Foreign Affairs Minister of Bahrain Abdullatif bin Rashid Al Zayani, Prime Minister of Israel Benjamin Netanyahu, U.S. President Donald Trump, and Foreign Affairs Minister of the United Arab Emirates Abdullah bin Zayed bin Sultan Al Nahyan participate in the signing ceremony of the Abraham Accords
Foreign Affairs Minister of Bahrain Abdullatif bin Rashid Al Zayani, Prime Minister of Israel Benjamin Netanyahu, U.S. President Donald Trump, and Foreign Affairs Minister of the United Arab Emirates Abdullah bin Zayed bin Sultan Al Nahyan participate in the signing ceremony of the Abraham Accords / Getty Images
September 15, 2020

Avi Berkowitz's elevation to a top negotiating position on President Donald Trump's Middle East peace team was met with near-universal derision by so-called experts and the mainstream press.

Martin Indyk, who served as ambassador to Israel under President Bill Clinton, mocked the appointment of Jared Kushner's onetime "assistant." The Brookings Institution’s Natan Sachs declared the then 29-year-old Berkowitz "young and inexperienced." The media were less diplomatic: Politico derided Berkowitz as Kushner's "mini-me"; Vanity Fair dubbed him a "coffee boy."

On Tuesday, Trump oversaw the signing of the Kushner- and Berkowitz-orchestrated Abraham Accords that officially normalized relations between Israel and the United Arab Emirates, as well as an agreement between Israel and Bahrain—the first such deals in over four decades. Pretty good for a coffee boy.

Criticisms of Berkowitz and Kushner were never about their age or experience, given that they came from the same crowd that celebrated the ascendance of the 30-something failed novelist Ben Rhodes to the highest reaches of power in the previous administration.

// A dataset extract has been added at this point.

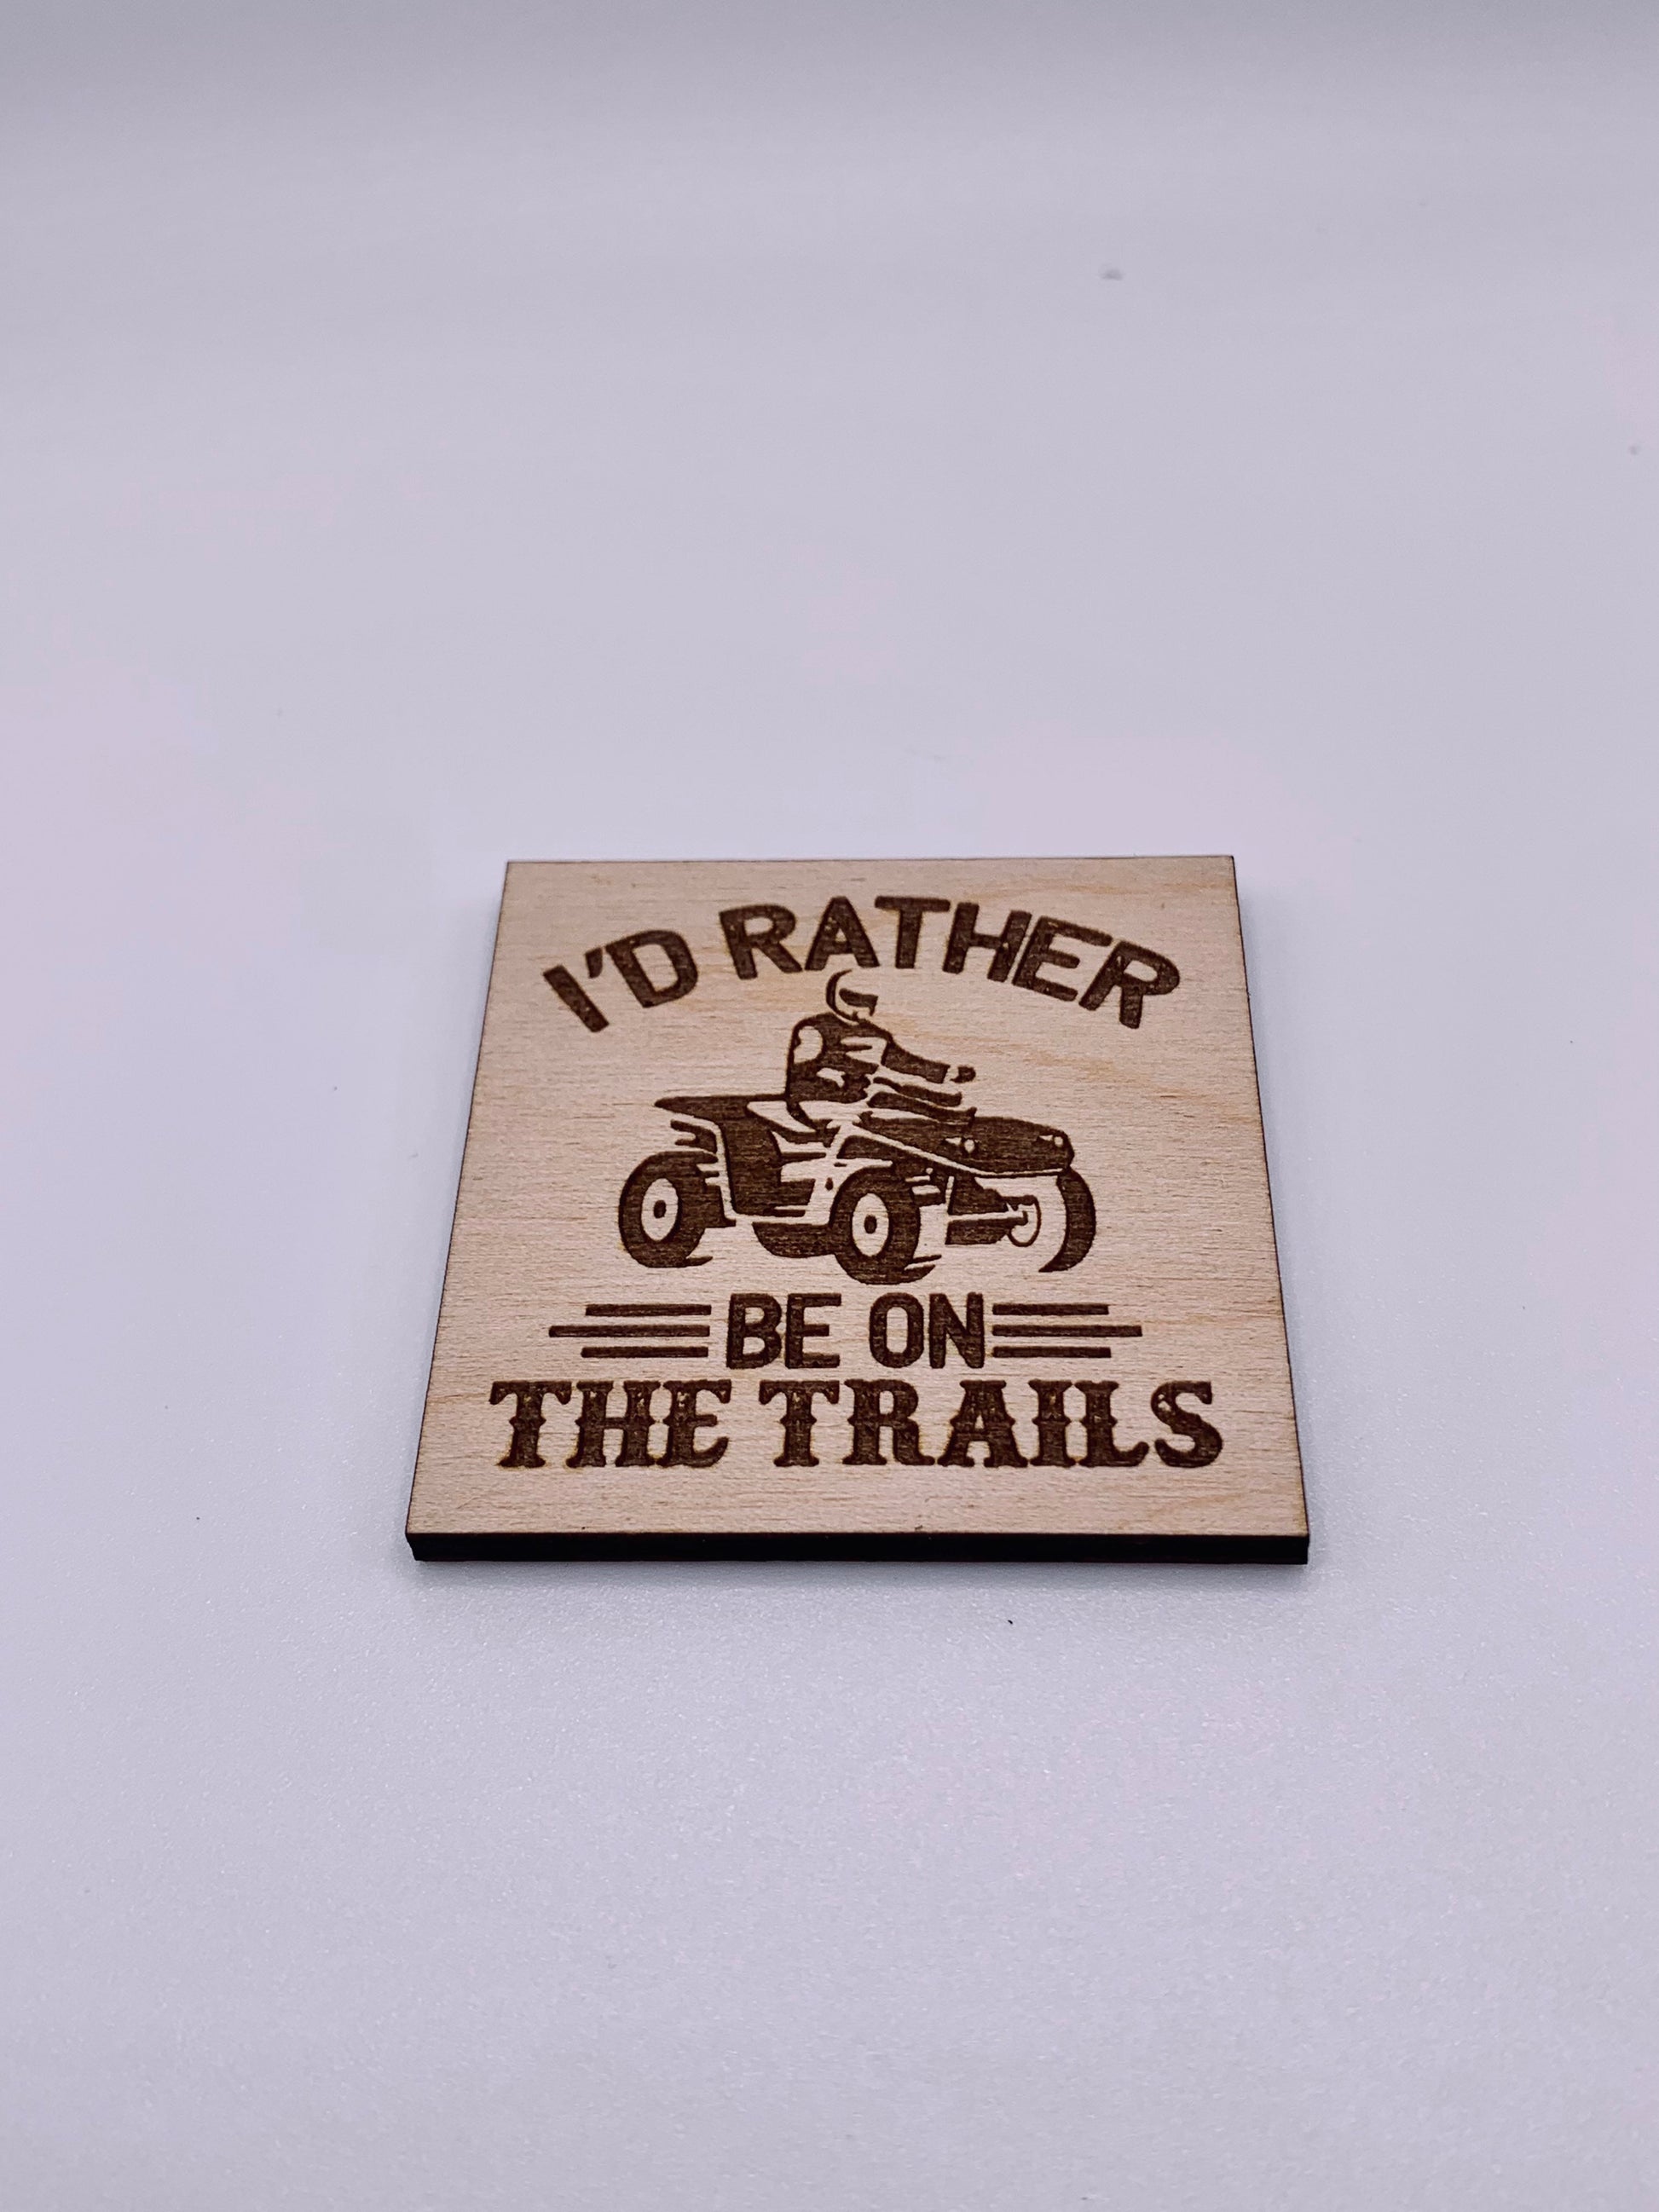 I'd rather be on the trails - Creative Designs By Kari
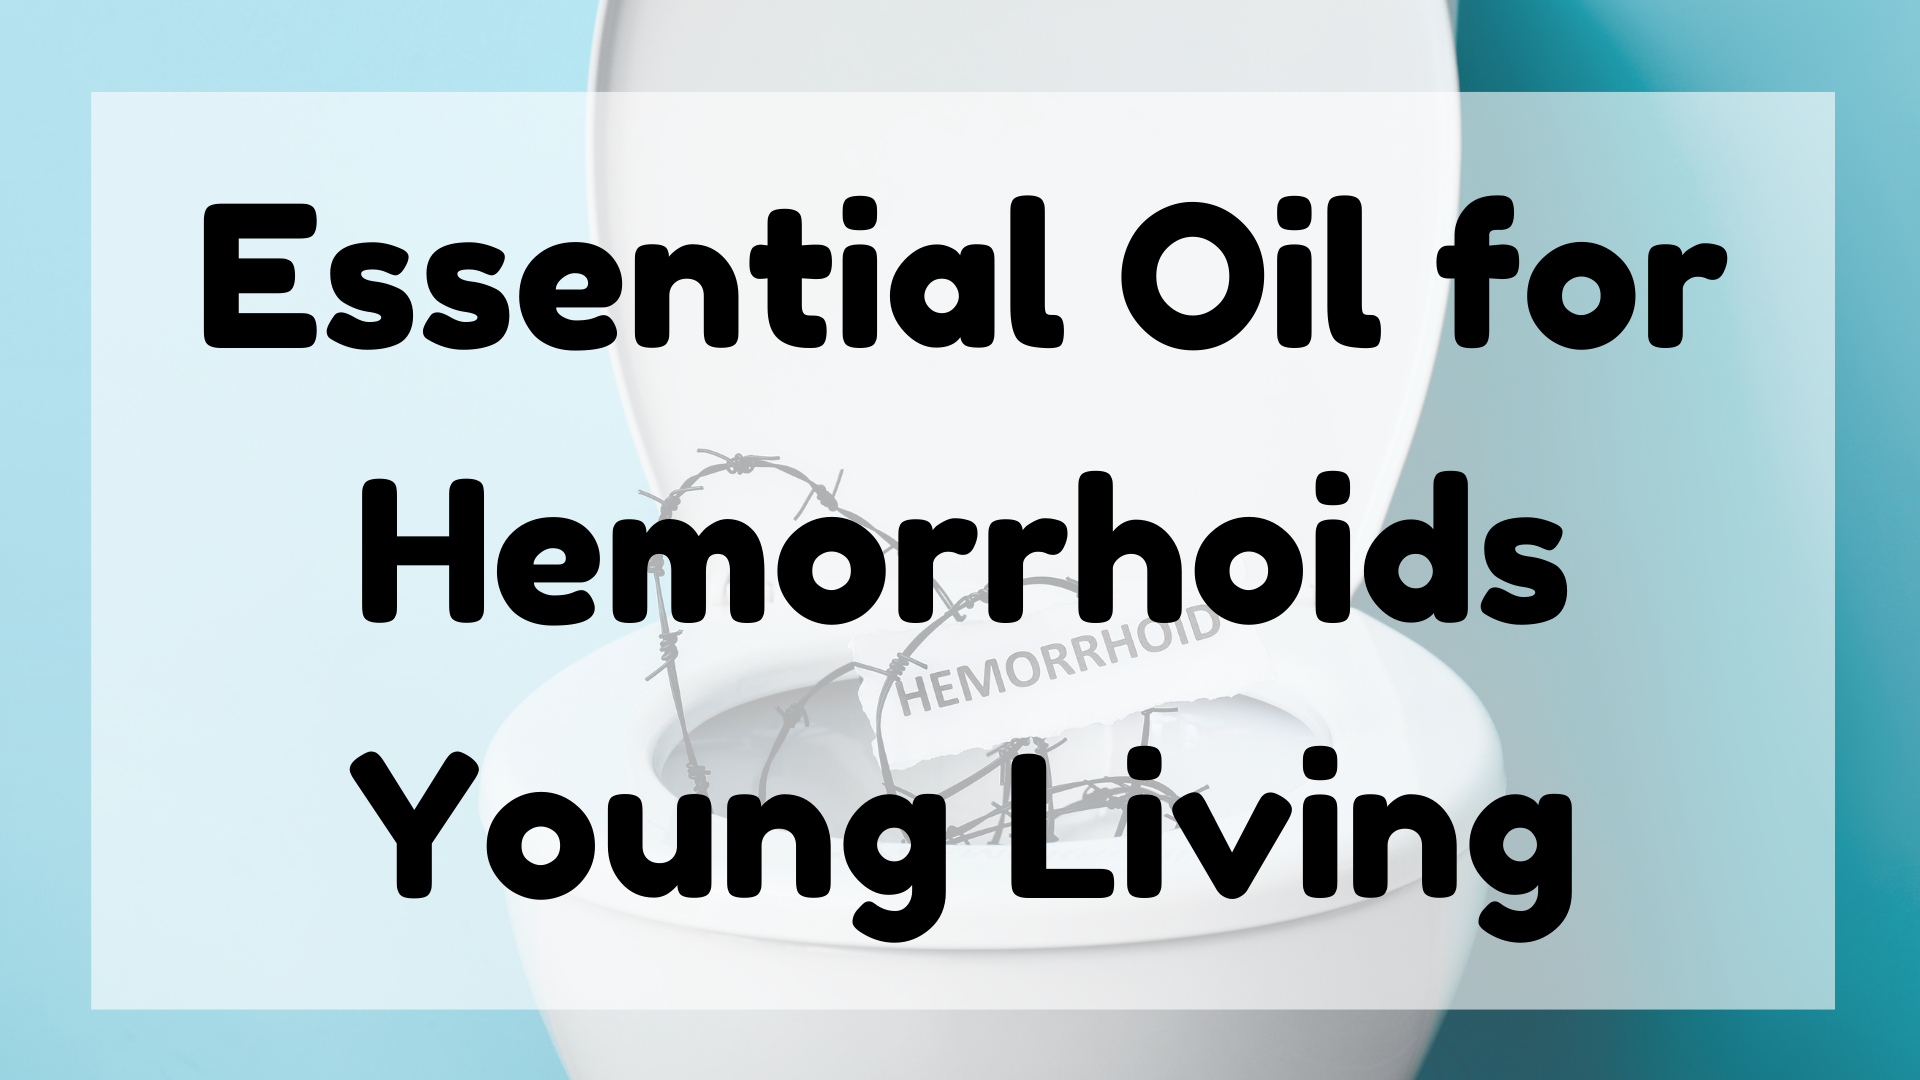 Essential Oil for Hemorrhoids Young Living featured image

Rather, the criticisms were about the unwillingness of the two men, publicly Jewish and proudly Zionist, to kowtow to the same tired experts who have made their careers pushing the same conventional wisdom that produced nothing but stalemate. The success of the youthful Berkowitz on a project where the so-called experts have met little success is all the more proof of the intellectual bankruptcy of the experts President Donald Trump has so often dismissed—in this case, rightly so.

The fundamental mistake of the peace process, and of the cadres of experts who have made that process into lifetime appointments to a revolving door of government, think tank, and academic jobs, is the idea that the solution to the Arab-Israeli conflict is peace between the Israelis and Palestinians. But such a peace remains as far out of reach as it ever was. In the meantime, the Trump administration has secured a great victory in the ongoing quest for peace between Israel and its neighbors—the lack of which was and remains the true threat to global security and the true threat to American interests in the region.

The deal has been cheered from Jerusalem to Abu Dhabi to Washington, D.C.; even Joe Biden tried to take credit for it. The only sour grapes are coming from Rep. Rashida Tlaib (D., Mich.) and others who make their bread agitating for perpetual struggle over the West Bank, and from failed negotiators like Rhodes. The New York Times, in its coverage of the historic accord, solicited only one "expert" quote for the story, from professional kvetcher Jeremy Ben-Ami of the Soros-funded J Street.

Now there are signs that Oman and Sudan, fearful of Iranian bellicosity, may follow the UAE and Bahrain. Iran's bellicosity could even lead to rapprochement between Israel and Saudi Arabia. Chock up the howls that we will undoubtedly hear if that comes to pass as further evidence of the intellectual bankruptcy of the mainstream, now painfully exposed by a man they derided as an upstart.